La transition t’oblige à vieillir

Ce qui est curieux est que de vieux con j’ai lentement commencé à avancer vers vieux tout court. Et à apprendre à être un peu adulte, au sens vieux con du terme quand même. Au sens s’adapter à la société. Transitionner ça veut dire prendre les codes du pays dans lequel tu es et adapter tes actions de manière à pouvoir effectuer ladite transition sans te foutre dans la merde. Je sais que certains ont choisi de faire autrement, de résister, de jouer les queer anarchistes. Ce n’est pas mon truc. Je n’ai jamais aimé l’anarchisme, ni le punk. J’aime le DIY cadré, le propre et la Littérature. Faut pas compter sur moi pour porter le crade du grunge. Je prendrai la musique et puis j’écrirai un pamphlet sur l’importance de la virgule dans la littérature scandinave très proprement. Parce que fuck la logique. Je lis VICE et le Guardian en parallèle. J’écoute Offspring, et Britten les minutes suivantes. Si on détruit le système, on montre patte blanche, on a l’air mignon et on organise un dawa sans précédent. Mais proprement. On place une bombe en costard. Je dis ça, je ne suis pas du tout porté sur les bombes, mais vous voyez l’idée. Je crois que j’ai trop lu Arsène Lupin.

Du coup j’ai abordé le changement avec vieillesse, mais pas en suivant l’exemple de mes parents. Mes parents n’approuvent pas mon comportement, de toute façon, ils ne l’ont jamais fait je crois. Je ne sais pas s’ils ont beaucoup été fiers de moi, je ne sais plus si je l’ai déjà entendu. Je me crois surtout source de désespoir. Et transitionner ça a signifié enfoncer le clou, finir de les décevoir, envoyer un message de rupture, s’attendre à ça et voir leur réaction, pas aussi violente que prévue. Communiquer, apprendre à trouver un équilibre. En somme grandir. Bon, grandir à ma façon, en gros ado attardé apprenant la vie, parce que les codes ne rentrent pas, parce qu’il faudrait que j’y sois attentif et qu’être attentif est l’une des choses les plus difficiles pour moi. Du coup j’ai commencé à faire des trucs improbables, des trucs d’adulte : faire un budget (un vrai, pas celui d’une tournée de BRMC), prendre des rendez-vous avec des médecins, et même examiner la manière de faire un testament. Bref, des trucs que j’aurais dû faire avant. Et notamment ranger ma maison en même temps que mon cerveau. Pour de vrai et complètement, pas juste en surface pour les invités. Montrer l’étendue des dégâts à de vrais gens, leur dire bien en face « voilà, je suis détruit, mon univers est détruit, aide-moi« . Il a fallu une bonne dose de courage pour faire ça, accepter la situation. Et si ça, c’est pas vieillir, ben je sais pas ce que c’est. Et le fait est que je suis aidé, et que du coup j’angoisse, mais moins.

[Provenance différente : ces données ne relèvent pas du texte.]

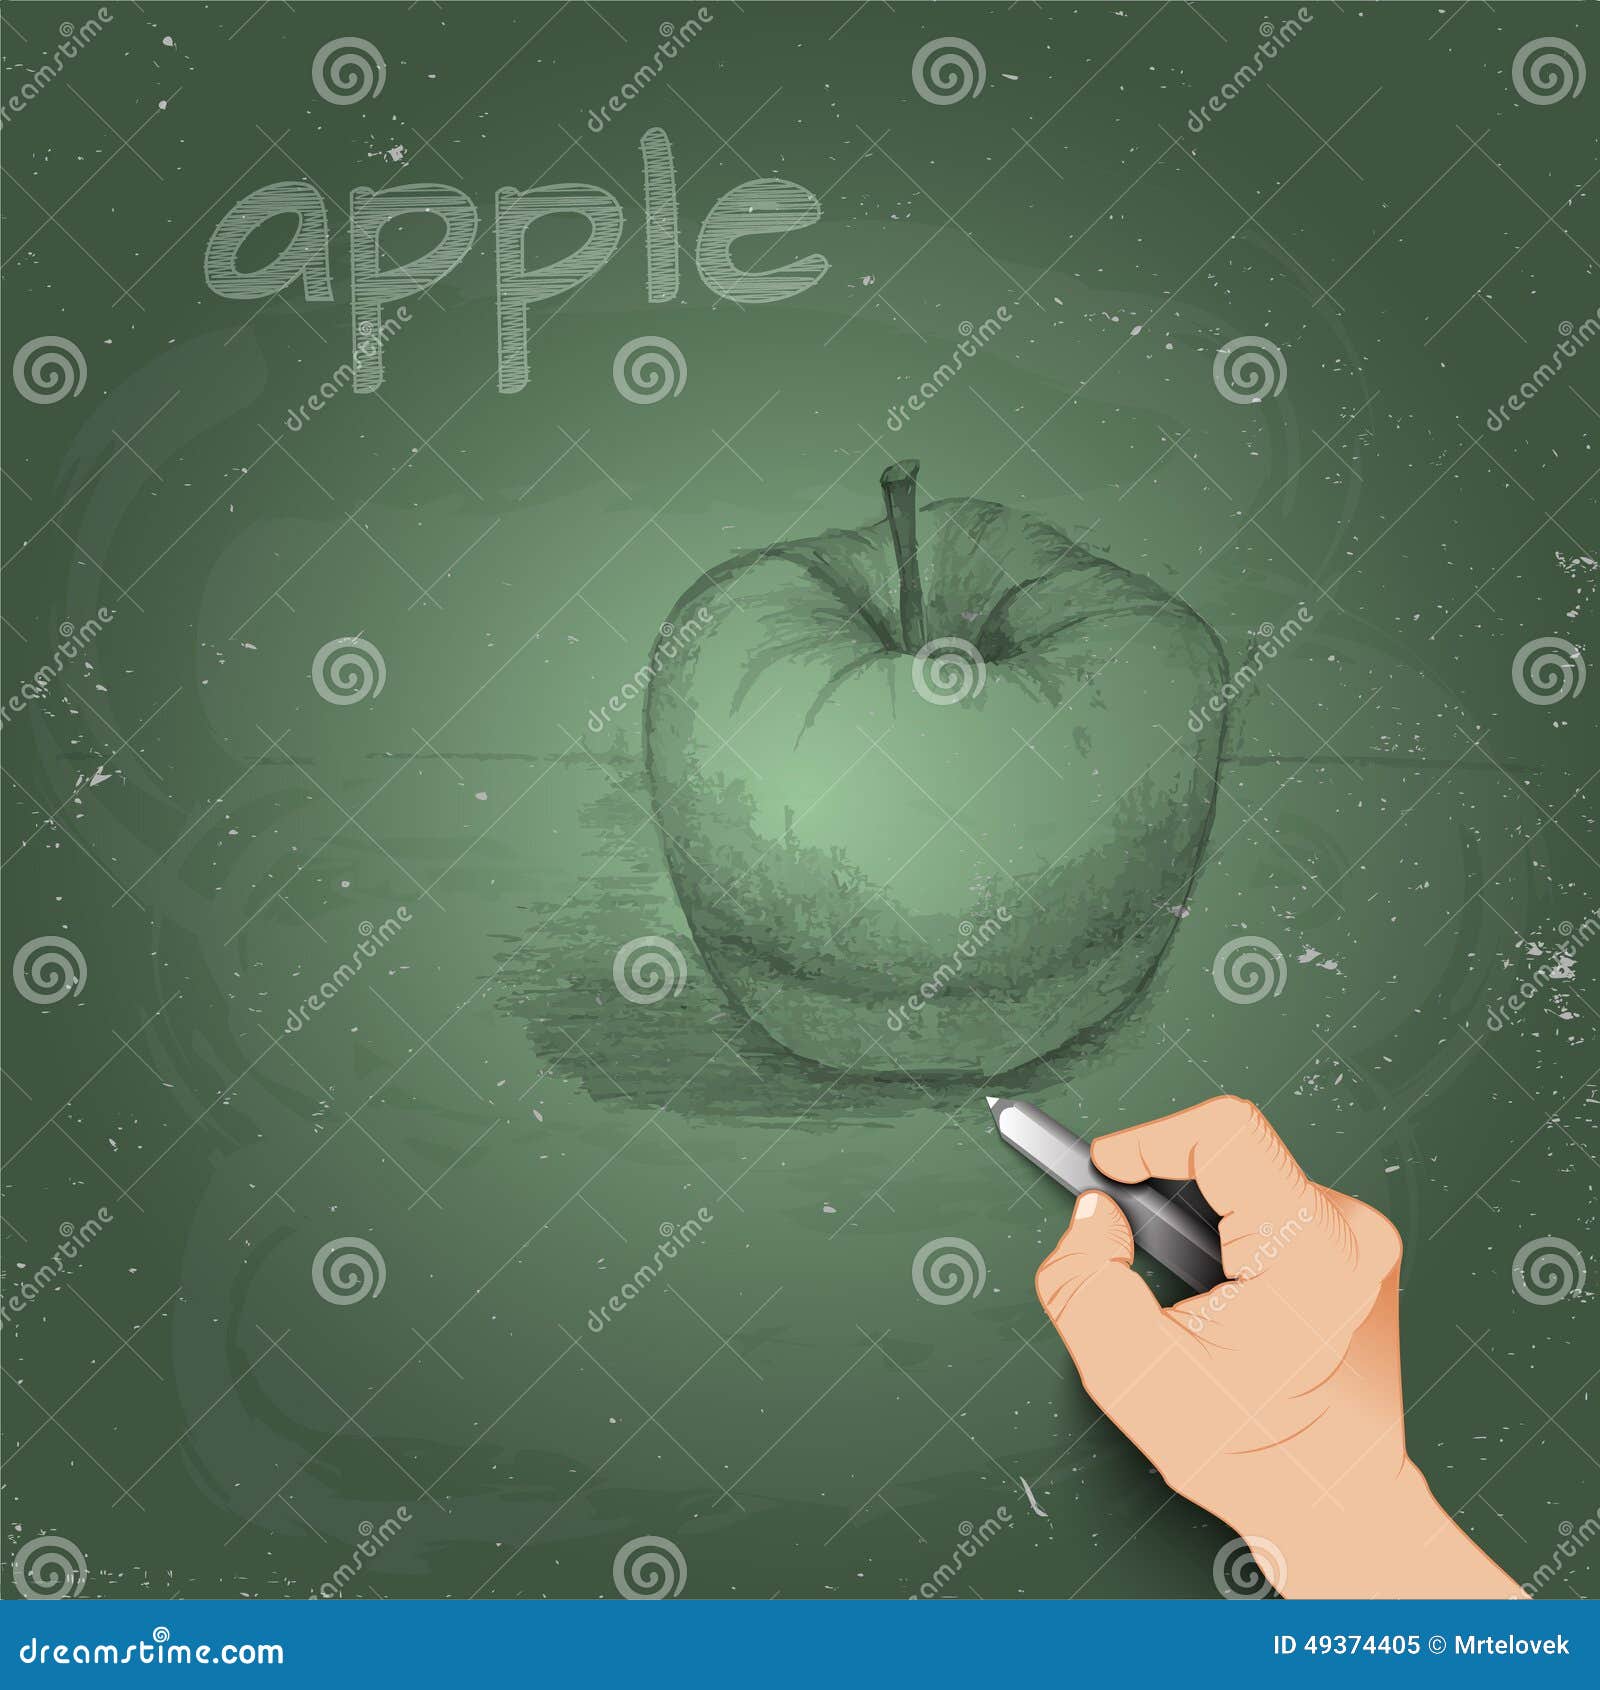 Very Easy How to Draw Apple  3d Drawing of Apple for beginners   YouTube

Ce qui est fabuleux (non, pas les paillettes et les licornes) (si, je déconne, on garde les deux), est que la transition m’a apporté de la sérénité.

C’est-à-dire que oui, je suis toujours un vieux con flippé, mais j’apprends à gérer l’angoisse, en tout cas un peu.

Je ne sais pas quel boulot j’aurai demain. OK, on se calme, pour l’instant j’en ai un, on se calme. Je ne sais pas quelle tête j’aurai, alors hein si on doit flipper sur tout… Déjà je sais qui je suis, ce qui est quand même pas mal après 29 ans. Je vais aborder mes 30 ans avec un corps un peu remis en état, correspondant à qui je suis. Quand j’y réfléchissais, je ne voyais pas les choses comme ça.

J’ai commencé à faire des listes de vieux con, mais pas du tout les mêmes qu’avant : augmenter ses connaissances, apprendre comment fonctionne le fric, apprendre comment poser un parquet, apprendre à réparer des trucs et des machins, apprendre la nutrition un peu mieux. C’est pas que j’ai renoncé à la fuite en avant et sur les côtés. Déficit d’attention, hein. L’herbe des voisins a toujours un attrait, mais j’ai appris à canaliser ces fuites et à les exploiter. Et je dis pas que ça marche (pas trop), mais avant j’aurais jamais essayé de faire toutes ces choses.

Côté transition, ça s’accélère : je me suis rendu au rendez-vous avec le chirurgien qui va m’opérer du torse. Un mec compétent, mais une décision qui m’oblige à organiser un budget, sachant que j’ai dû faire des trucs rébarbatifs comme une révision et un contrôle technique de la voiture. Pour des gens normaux c’est rien, pour un weirdo dans mon genre c’est un travail mental intense. Je suis obligé de voir le chir’ en privé et donc ça m’oblige à examiner plein de trucs, trouver une surmutuelle, mettre des sous de côté, toussa. Pas de nouvelles du paternel, paraît-il débordé, sans doute dévasté par l’annonce de l’opé.

Je ferai l’hystérectomie en même temps, le tout le 9 décembre 2015. Même pas 2016, voyez. 2015. Dans même pas trois mois, ce truc de malade. Ca m’oblige à affronter mes démons de manière urgente. Parce que je bosse toujours mieux dans l’urgence pour avant-hier ; on se refait pas complètement.